Epargne réglementée : la Caisse des Dépôts rappelée à l’ordre par la Cour des comptes

Dans son rapport sur l’épargne réglementée publié lundi 5 septembre, la Cour des comptes met en garde la Caisse des Dépôts et Consignations (nouveau groupe CDC) quant au respect du modèle spécifique du fonds d’épargne. Elle craint notamment que la transformation de la CDC entraîne une « fongibilisation du fonds d'épargne dans le cadre d'une stratégie globale de groupe ».

L’épargne réglementée, une particularité française

L’épargne réglementée, comme le rappelle la Cour des comptes dans son rapport, est « une particularité française qui a peu d’équivalents en Europe ».

Elle regroupe plusieurs produits d’épargne dont les conditions de fonctionnement sont établies par l’État : le Livret A, le Livret bleu, le Livret de développement durable et solidaire (LDDS), le Livret d’épargne populaire (LEP), le compte d’épargne logement (CEL), le plan d’épargne logement (PEL), le Livret jeune et le Livret d’épargne entreprise (LEE).

La rémunération de ces produits est encadrée par les pouvoirs publics, et « suit l’évolution générale des taux d’intérêt et de l’inflation ». Par ailleurs, le Livret jeune, le LEP, le LDDS et le Livret A bénéficient d’une exonération fiscale et sociale.

La Cour des comptes souligne dans son rapport le caractère stable des produits d’épargne réglementée, qui présentent plusieurs atouts pour les banques : d’une part, « le capital est garanti par l’État et ne pèse pas sur leurs fonds propres », d’autre part, « la gestion de la liquidité relève du fonds d’épargne ».

Le nouveau groupe CDC et sa gestion du fonds d’épargne

La gestion du fonds d’épargne a été confiée à la Caisse des Dépôts dès 1837. Comme le rappelle la Cour des comptes, « les prêts octroyés par le fonds d’épargne ont accompagné nombre de grandes politiques publiques d’investissement d’intérêt général : logement social, développement du rail, électrification ».

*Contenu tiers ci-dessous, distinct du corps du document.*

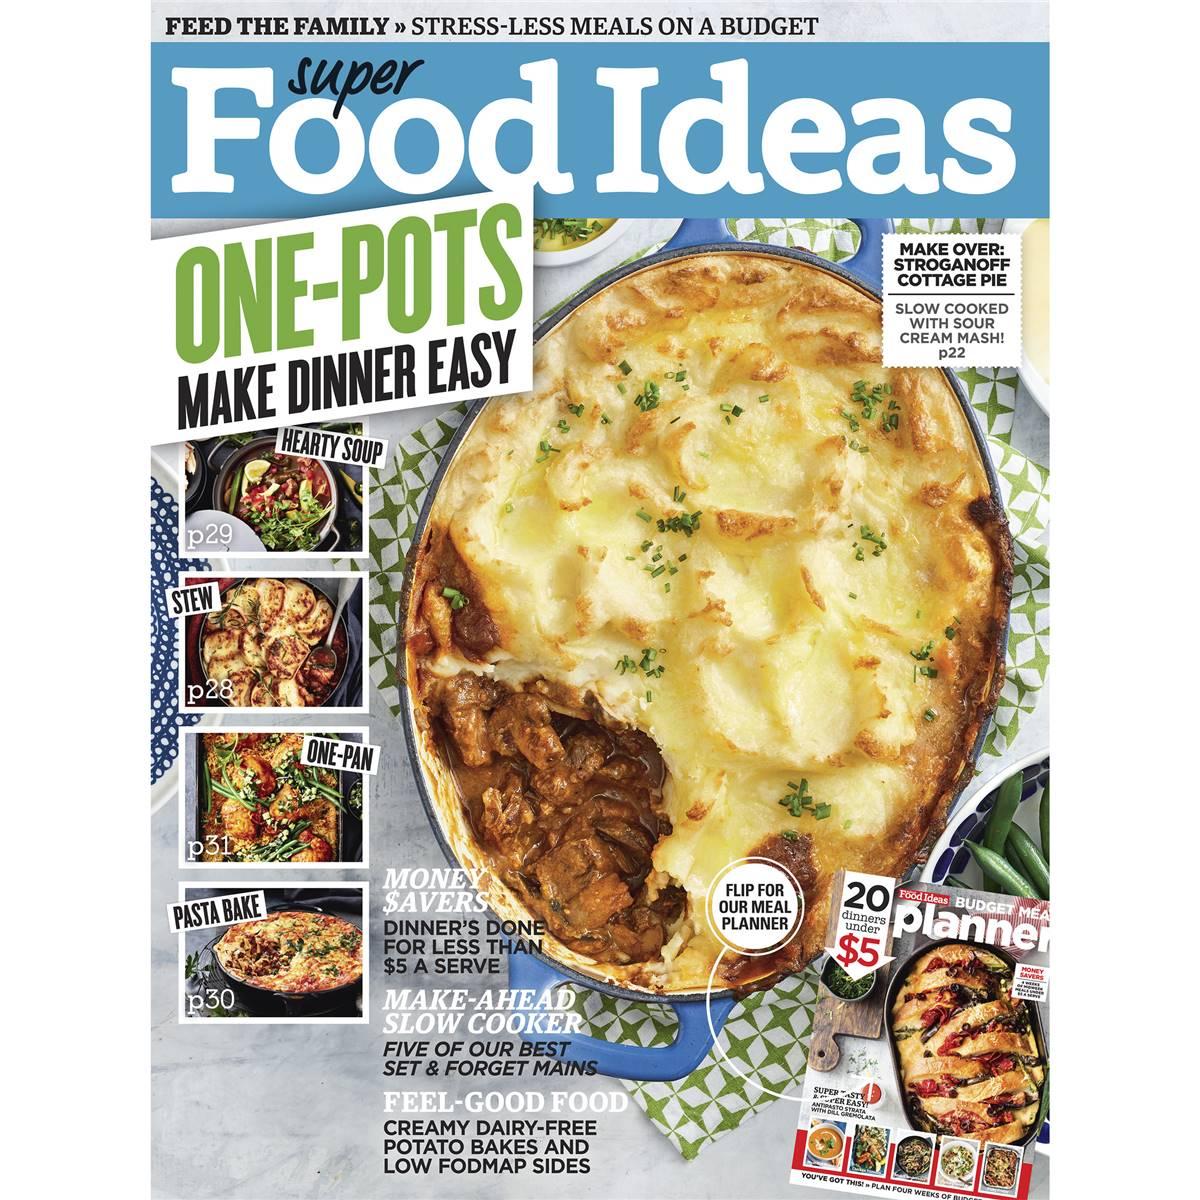 Super food ideas woolworths image gallery forumfinder Gallery

La loi assure l’autonomie de la gestion du fonds d’épargne, et le cadre de gestion est fixé par un accord entre la CDC et les pouvoirs publics. La Cour des comptes souligne que la CDC a connu au cours des années passées « plusieurs réorganisations accompagnées de transferts d’activités ». Il résulte de ces transformations que le fonds d’épargne n’est plus « une direction au sens organisationnel du terme ».

Depuis le 4 mars 2020, la Caisse des Dépôts détient 66 % du capital de La Poste, et en est donc l’actionnaire majoritaire.

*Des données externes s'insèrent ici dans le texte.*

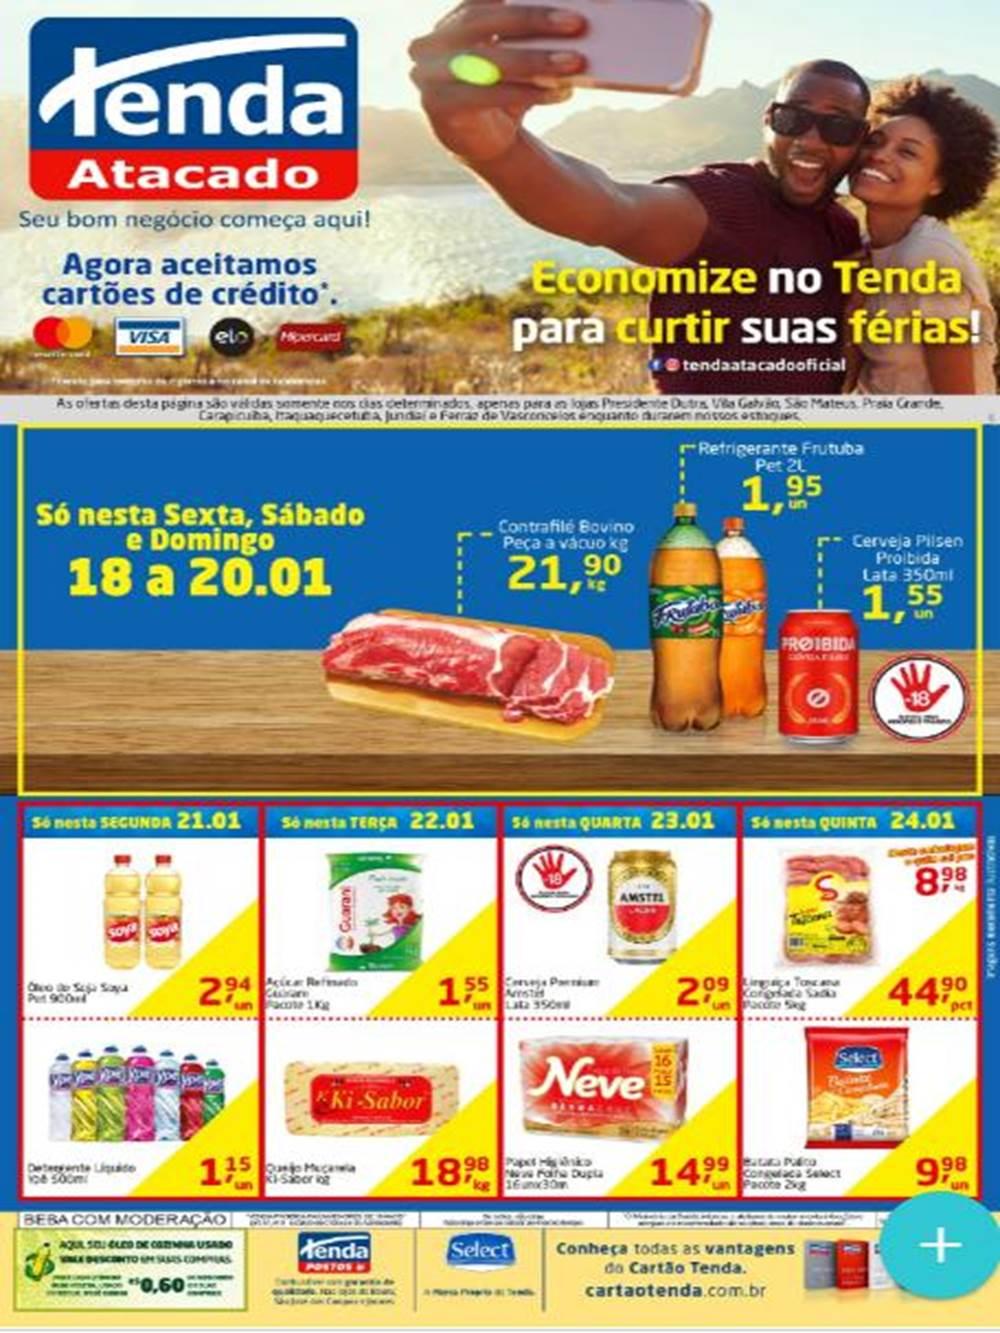 Ofertas-tenda1-3 Ofertas de Supermercados - Economize!

Or, d’après la Cour des comptes, « la profonde transformation de la CDC en un groupe très étendu d’activités sous mandat, d’activités quasiment industrielles avec La Poste et d’activités bancaires, assurantielles et financières avec la Banque Postale, CNP et BPI France déplace son centre de gravité métiers et déforme sa structure bilantielle ».

Si le fonds d’épargne relève toujours d’un cadre de gestion bien spécifique, la « stratégie globale de groupe » pourrait amener la CDC à « intégrer le fonds d’épargne dans le groupe », ce contre quoi la Cour des comptes met la Caisse des Dépôts en garde.

La CDC, de son côté, a assuré à la Cour des comptes que le fonds d’épargne était séparé de ses autres activités par une « muraille de Chine ». Pourtant, le rapport met en doute cette réalité, expliquant qu’il existait « des relations financières croisées » entre le fonds d’épargne « et la section générale et même certaines filiales du groupe ».

La Cour des comptes alerte tout particulièrement sur le risque que représenterait « la recherche de synergies entre le fonds d’épargne et les autres entités du groupe », ce qui pourrait amener à tenter « de rendre fongible la part centralisée au fonds d’épargne avec l’ensemble des ressources du bancassureur public qu’est devenu le groupe CDC ».

Il est pourtant indispensable, selon le rapport, que le « statut particulier » du fonds d’épargne soit préservé.